Valsa dos cogumelos traz fotos raras, como esta, de 1974, do grupo Ala D'Eli, formado por Zé da Flauta, Robertinho de Recife e Neusa Maria. Foto: Paulo Macedônia/Acervo de Robertinho de Recife
Assim como traz ao público as histórias dos principais personagens da psicodelia recifense, Rogério também menciona e localiza na narrativa como outros artistas participaram e dialogaram com essa cena. É o caso das seminais Phetus (formada por Paulo Rafael, Zé da Flauta e Lailson), a já citada Ala D'Eli, o grupo Nuvem 33, entre outros. Assim como, por exemplo, Alceu Valença, que também vivia no Recife daquela época, conhecia toda aquela turma, participou de eventos realizados por ela, gravou discos sob as influências que já eram abarcadas por esses artistas, arrebanhou parte deles para tocarem em sua banda, mas que desenvolveu uma carreira que correu em paralelo a essa movimentação, uma vez que caiu nas graças da indústria cultural e tornou-se artista de renome nacional. “Realmente, ele nunca esteve completamente aqui quando a efervescência tava maior, mas, ele chegou a tocar no Beco do Barato; tocou numa homenagem a Luiz Gonzaga que também teve Phetus, Marconi Notaro e Tamarineira Village (antigo nome da Ave Sangria). O disco Vivo! é, basicamente, um apanhado dessa galera toda.”

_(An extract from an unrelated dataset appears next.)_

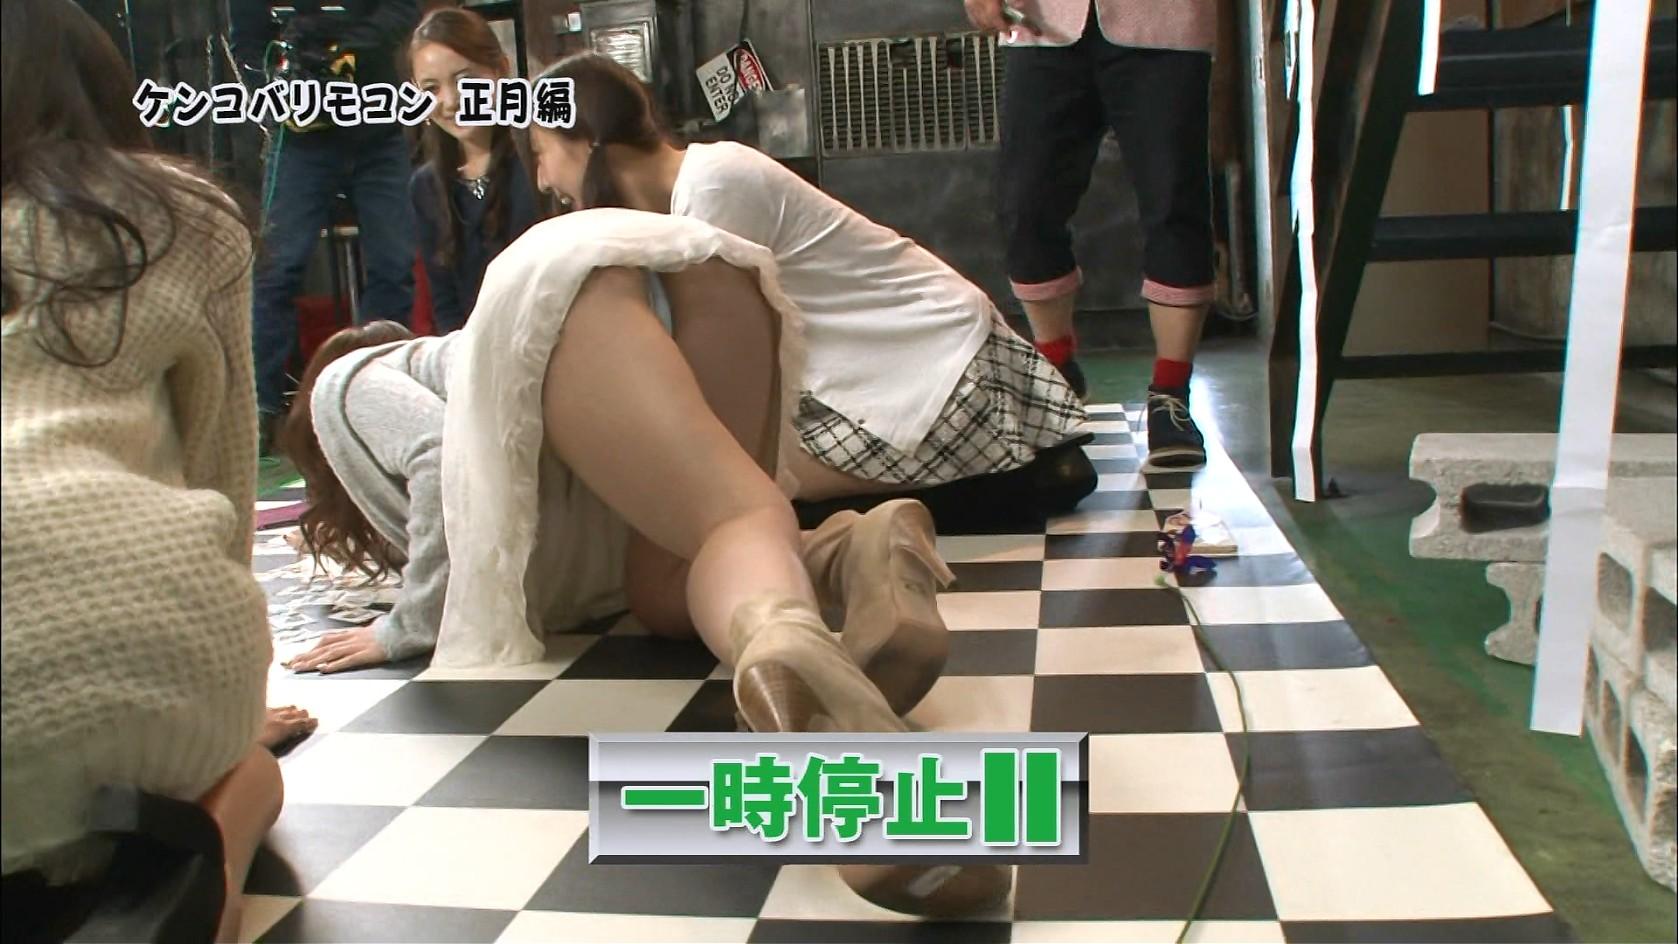 TVでAV女優8

Valsa dos cogumelos é o mais completo registro dedicado a esse período e a essa geração da música pernambucana/brasileira. Antes, uma história que se ressentia de muitas lacunas, com versões desencontradas e/ou inventadas dos acontecimentos. Hoje, ganha ainda mais relevância através das novas descobertas registradas no livro, contemplando a curiosidade de tantas e tantos fãs. "Eu gosto muito de ler e pesquisar sobre música. O melhor de fazer esse livro foi justamente o processo. Às vezes, eu achava que tava fazendo o livro pra mim. A parte mais prazerosa era a jornada, eu sentia que a jornada era tão prazerosa que eu não queria que ela terminasse, mas tinha que terminar. Então, tem aquela máxima que 'livro a gente não termina, a gente abandona'”, comenta Rogério. “E eu gostaria muito que meu livro se tornasse uma referência sobre essa cena, aquele livro a que a pessoa recorre para se informar ou relembrar alguma passagem, pesquisar. Fico feliz que as pessoas estão descobrindo coisas que elas sempre queriam saber, mas que não tava publicado ainda", conclui.
Capa de A valsa dos cogumelos. Imagem: Divulgação
LEO VILA NOVA, músico e jornalista cultural.